Nun, Abbess
- Born: c. 500 County Leitrim, Ireland
- Died: County Roscommon, Ireland
- Venerated in: Catholic Church Strokestown
- Feast: February 22

= Saint Midabaria =

Irish saint

St Midabaria, Miadhnat or Miodhabhair was a sister of Saint Berach the 6th-century Irish Missionary, she was abbess of a nunnery in Bumlin (Strokestown), County Roscommon in Ireland.
She is venerated as Patroness on February 22 each year.

The entry for February 22 in the Lives of the Saints, the name of this saint is phrased as Midabarius Rinn Drochidii which makes her appear male however, she was also called Midabaria. She is referenced in several books of the saints around Europe. She was recognised in particular for her healing.

Midabaria was born in the townland of Gortnalougher just outside Cloone, County Leitrim.
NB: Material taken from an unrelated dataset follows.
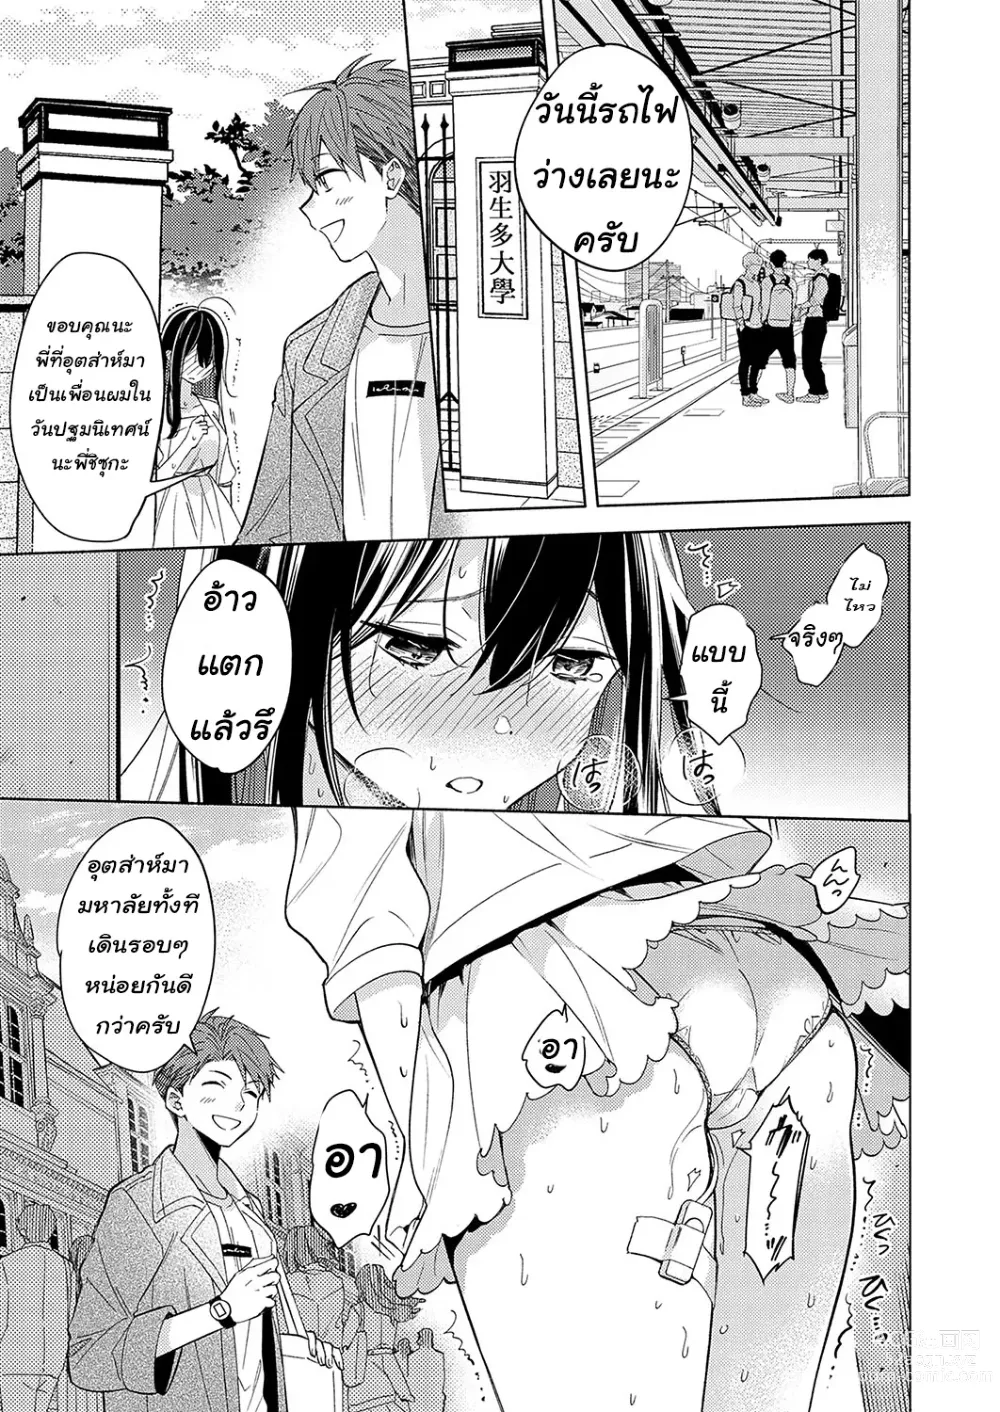 Page 13 of manga Neechan ga doukyusei ni naru made 30-nichi - onani chudoku ane no hiki komori dasshutsu keikaku

She was the daughter of Nemnald (Neamnann, Neamhann, Neamhall) and Finmaith (Fionnmaith, Fionmhaith). Her mother was also sister to Freoch of Cloon (d. ~ 570). Her father's family were from clan Cinel Dobtha. It was not particularly powerful side branch of Clan Uí Briuin. She referred to the Irish canon, hagiographer and historian John O'Hanlon (1821-1905) in his Lives of the Irish Saints which was taken from the extant martyrologies.